**What the task asks**
From the records below, output exactly the lines starting at the line with "General Secretary Brezhnev" and ending at the line with "Zesty Spinach Dip Recipe By Tasty", both of them included, but no pictures.

**Listed entries**
════════

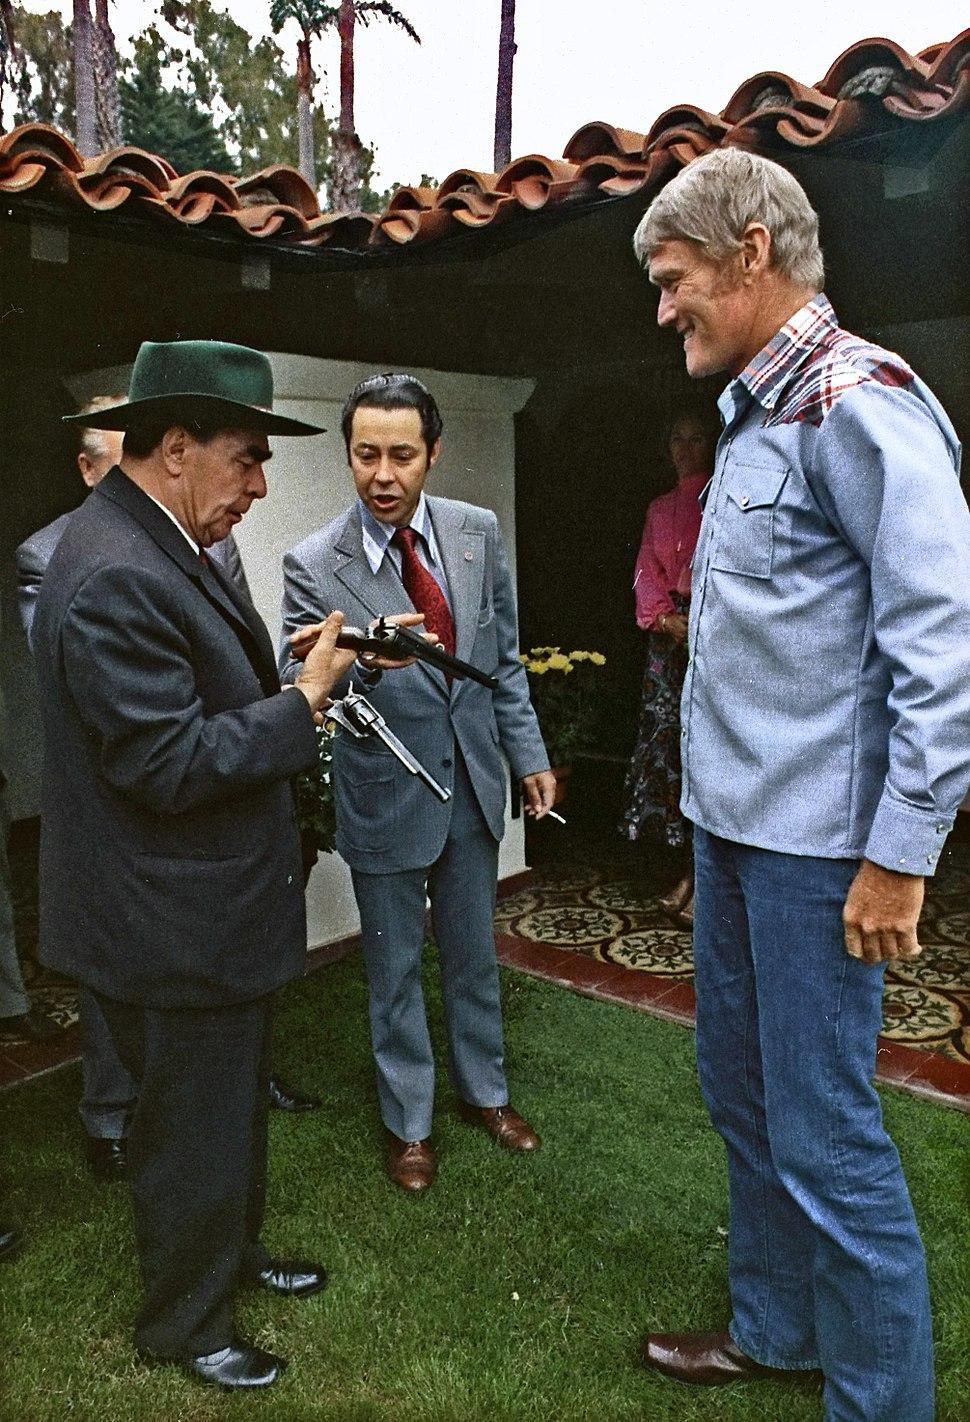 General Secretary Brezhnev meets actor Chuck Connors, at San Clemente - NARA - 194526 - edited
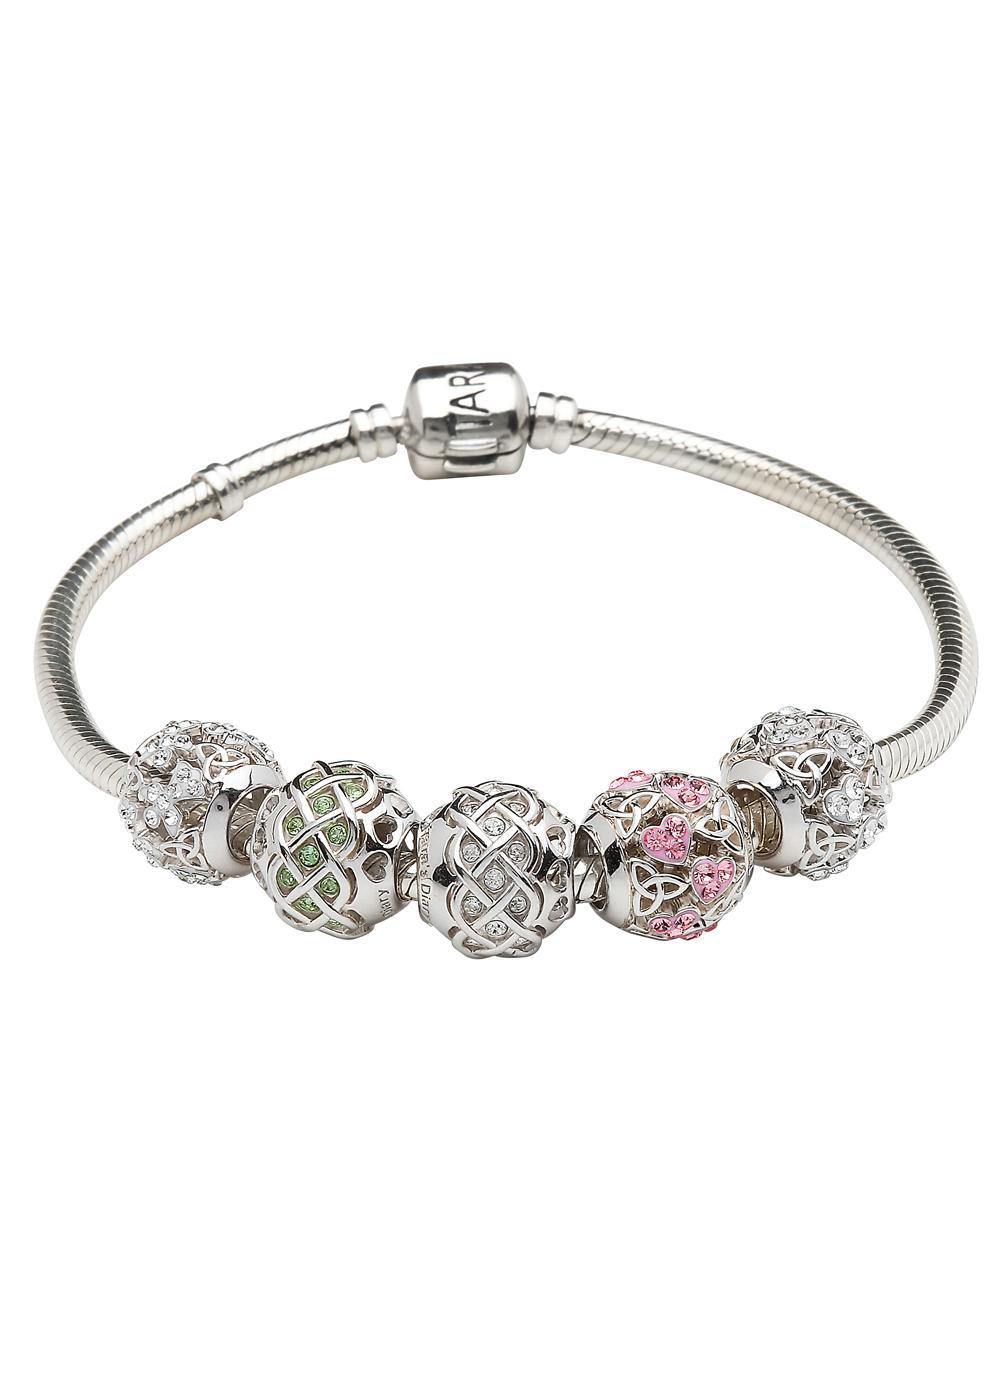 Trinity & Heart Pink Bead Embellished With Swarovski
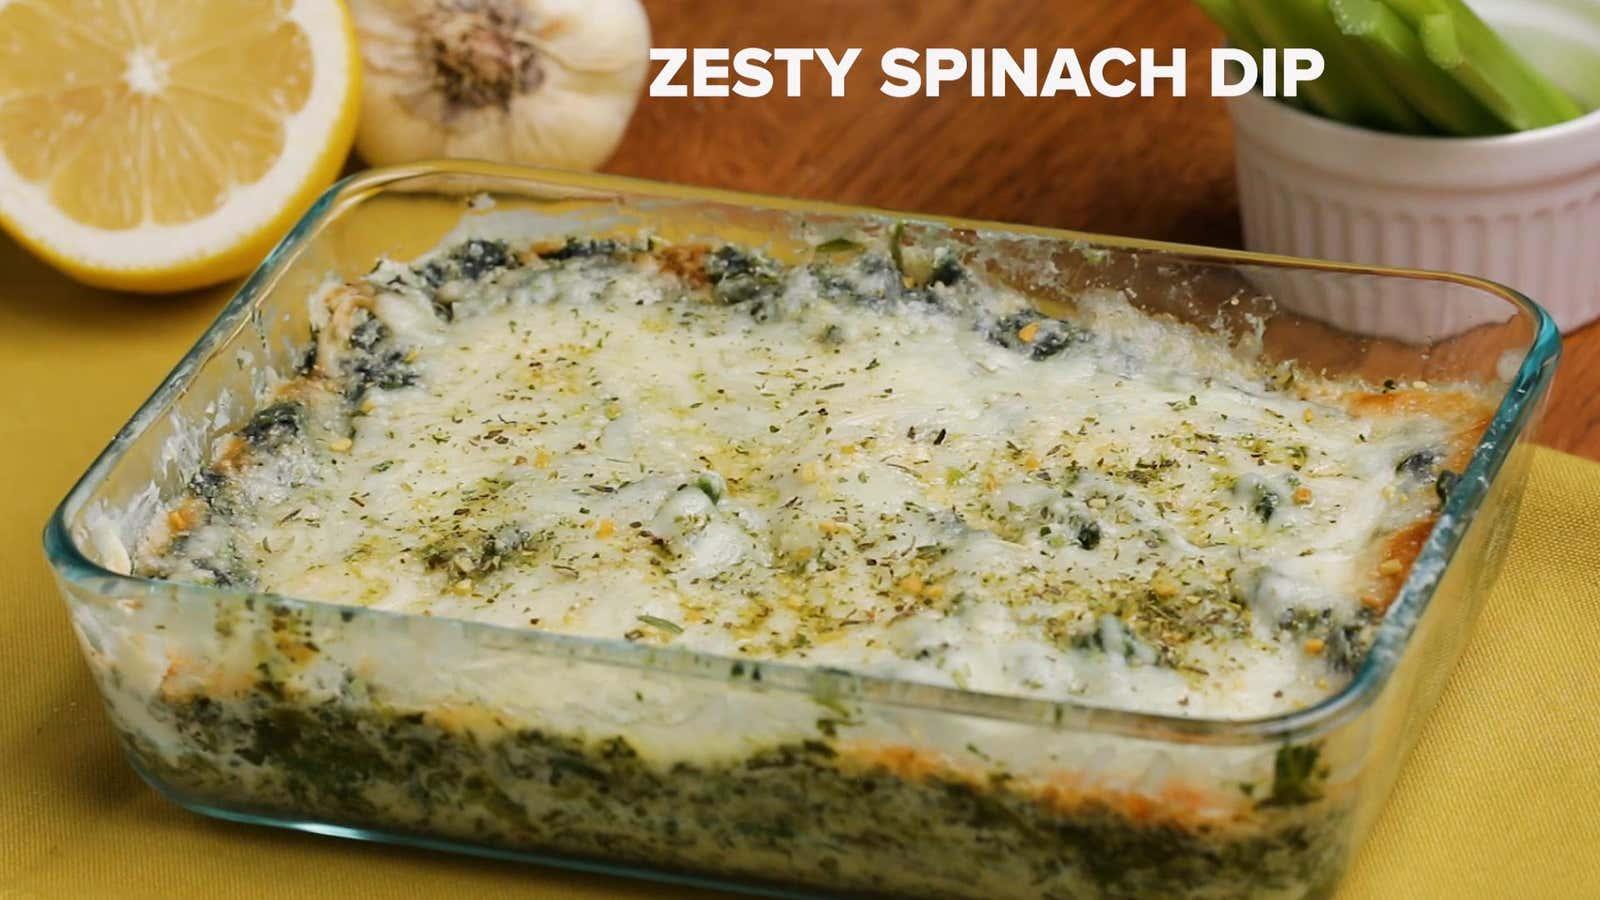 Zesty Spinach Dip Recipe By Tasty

════════

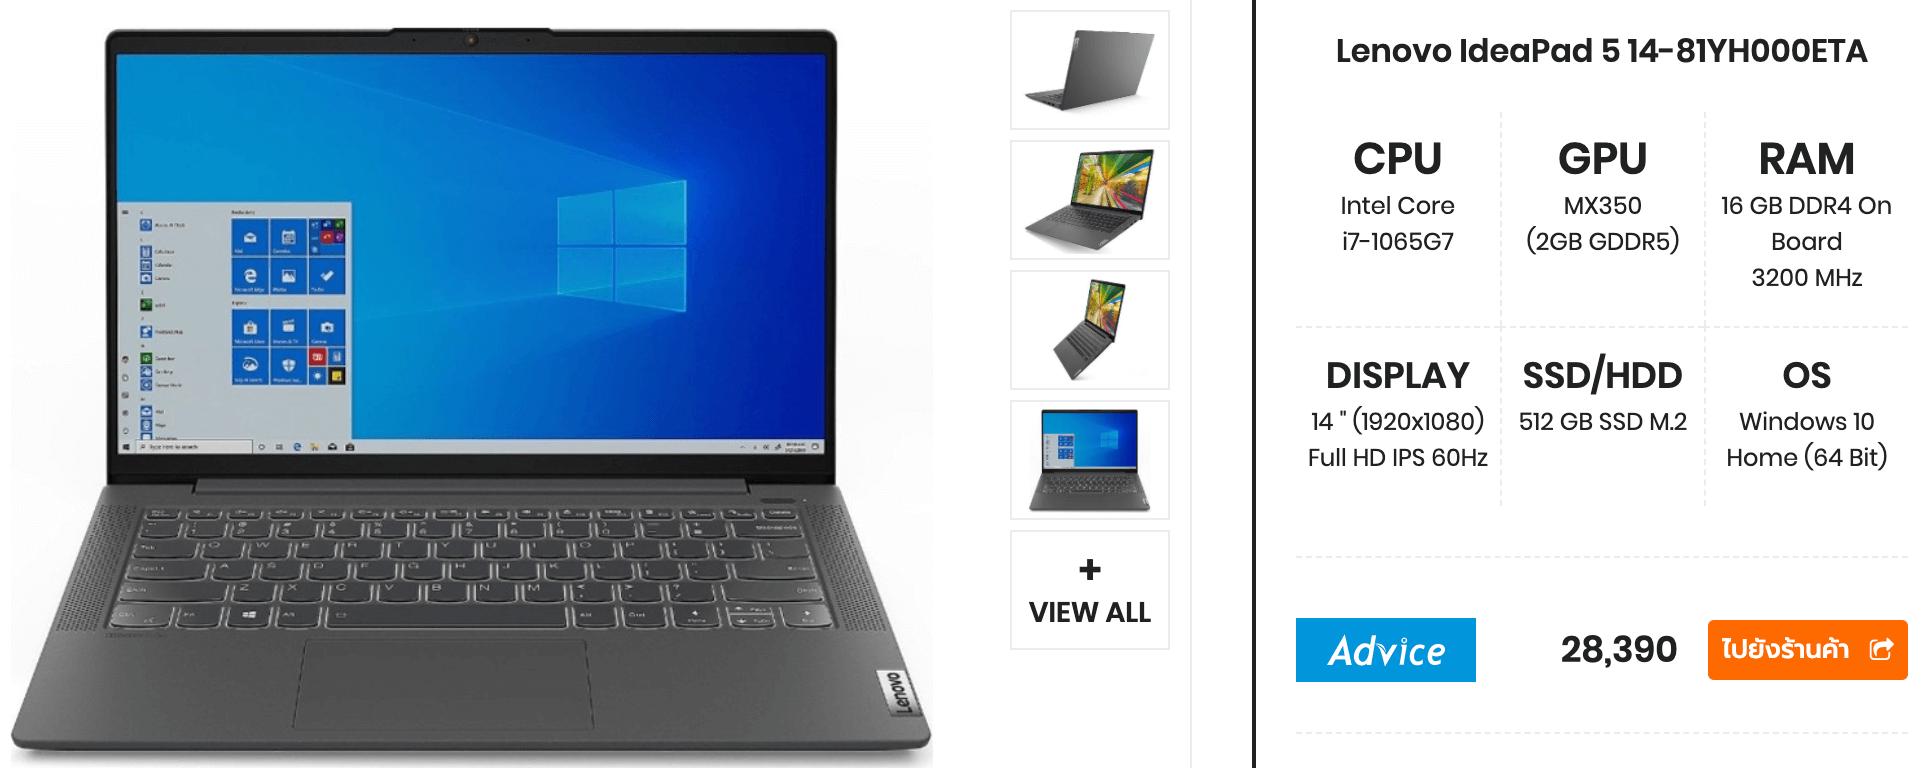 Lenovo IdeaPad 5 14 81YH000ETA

════════

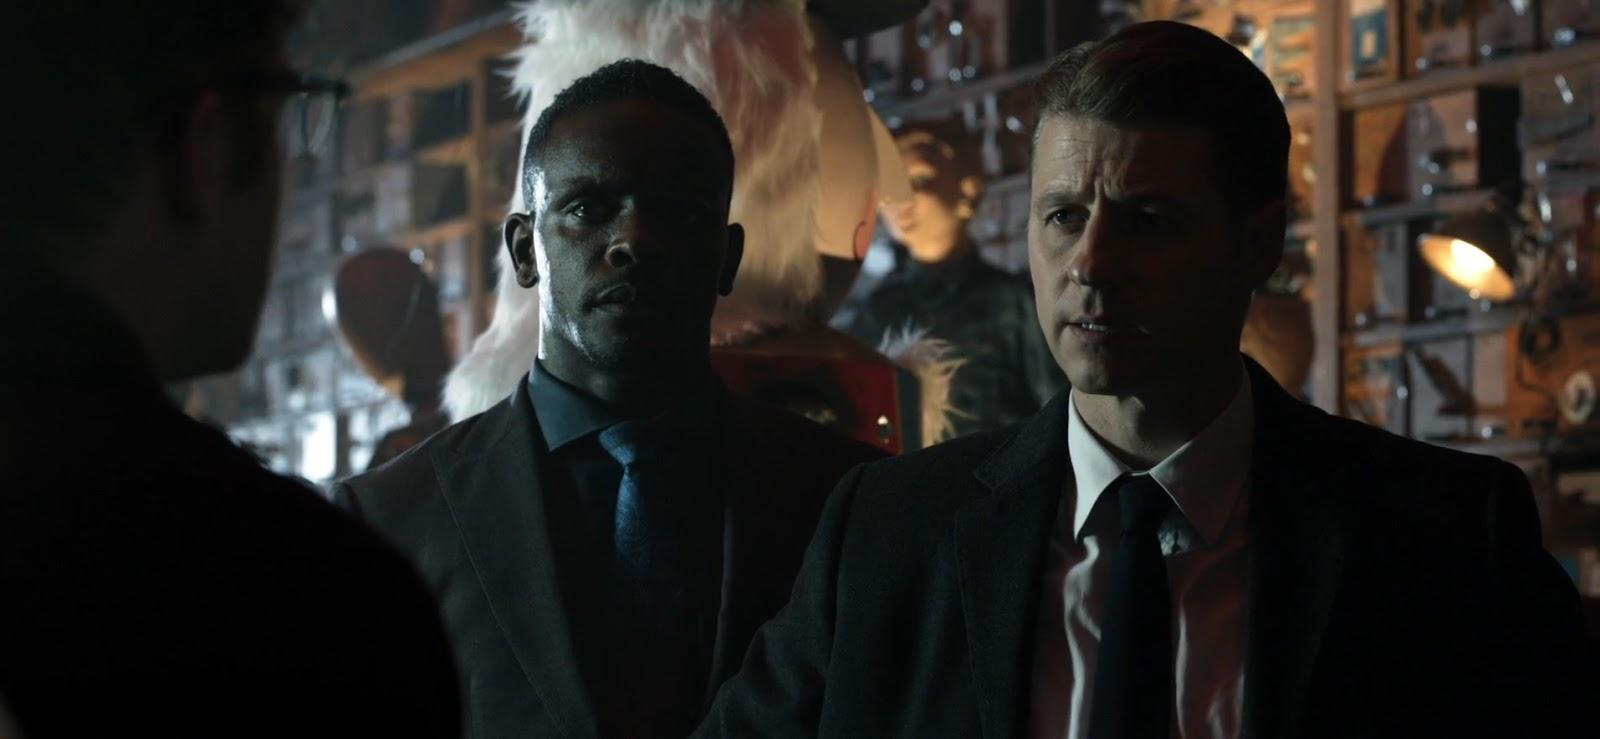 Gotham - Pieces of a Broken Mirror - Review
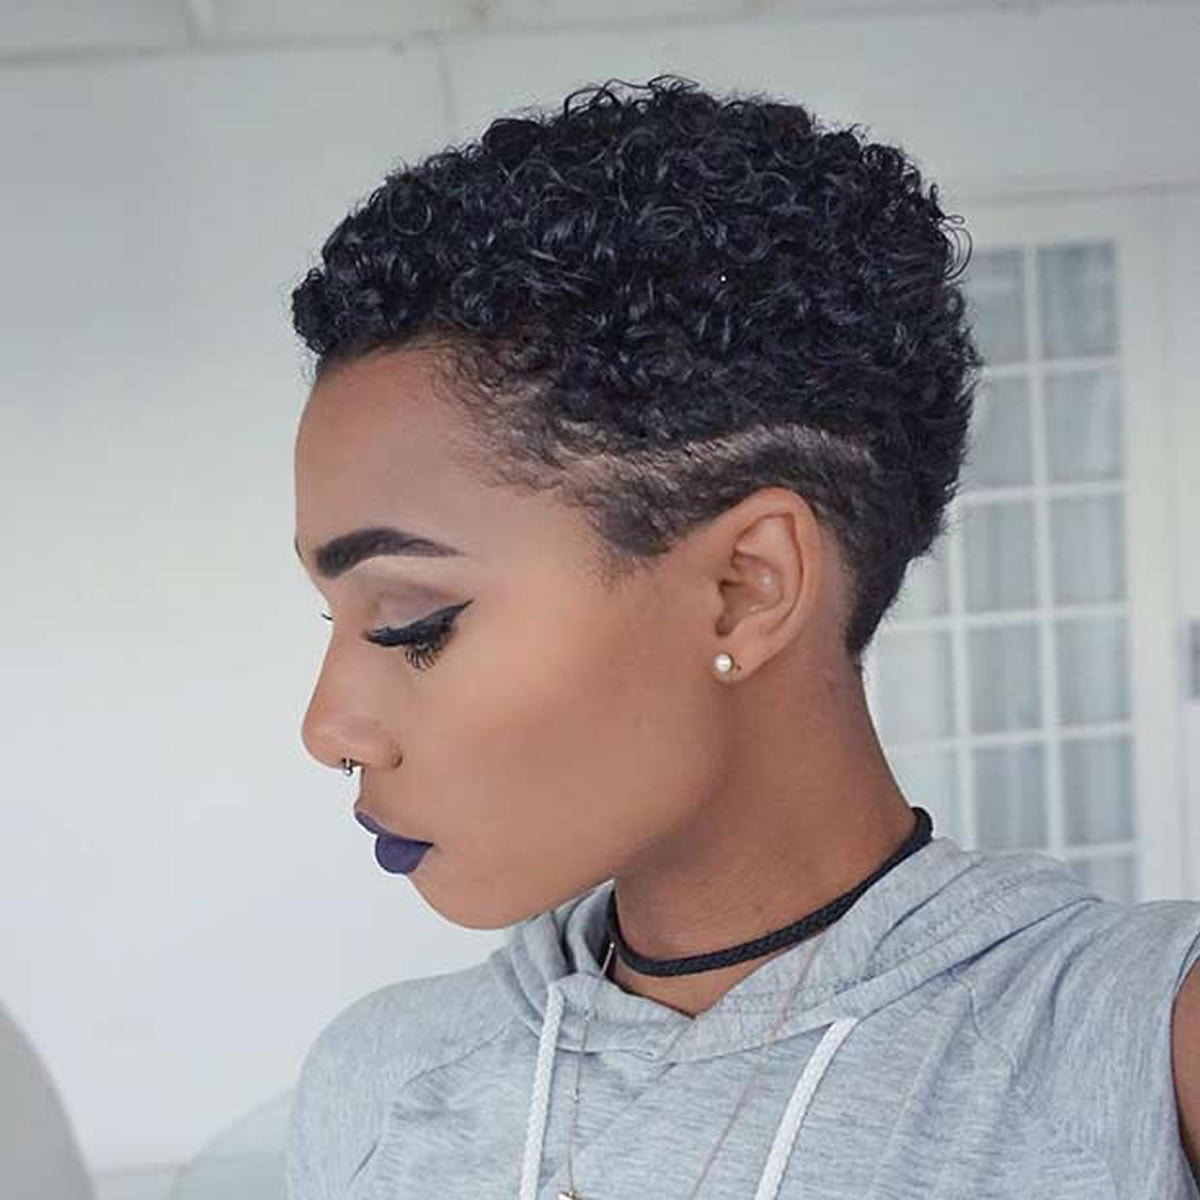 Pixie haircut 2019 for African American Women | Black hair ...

════════

**Solved problem**
 General Secretary Brezhnev meets actor Chuck Connors, at San Clemente - NARA - 194526 - edited
 Trinity & Heart Pink Bead Embellished With Swarovski
 Zesty Spinach Dip Recipe By Tasty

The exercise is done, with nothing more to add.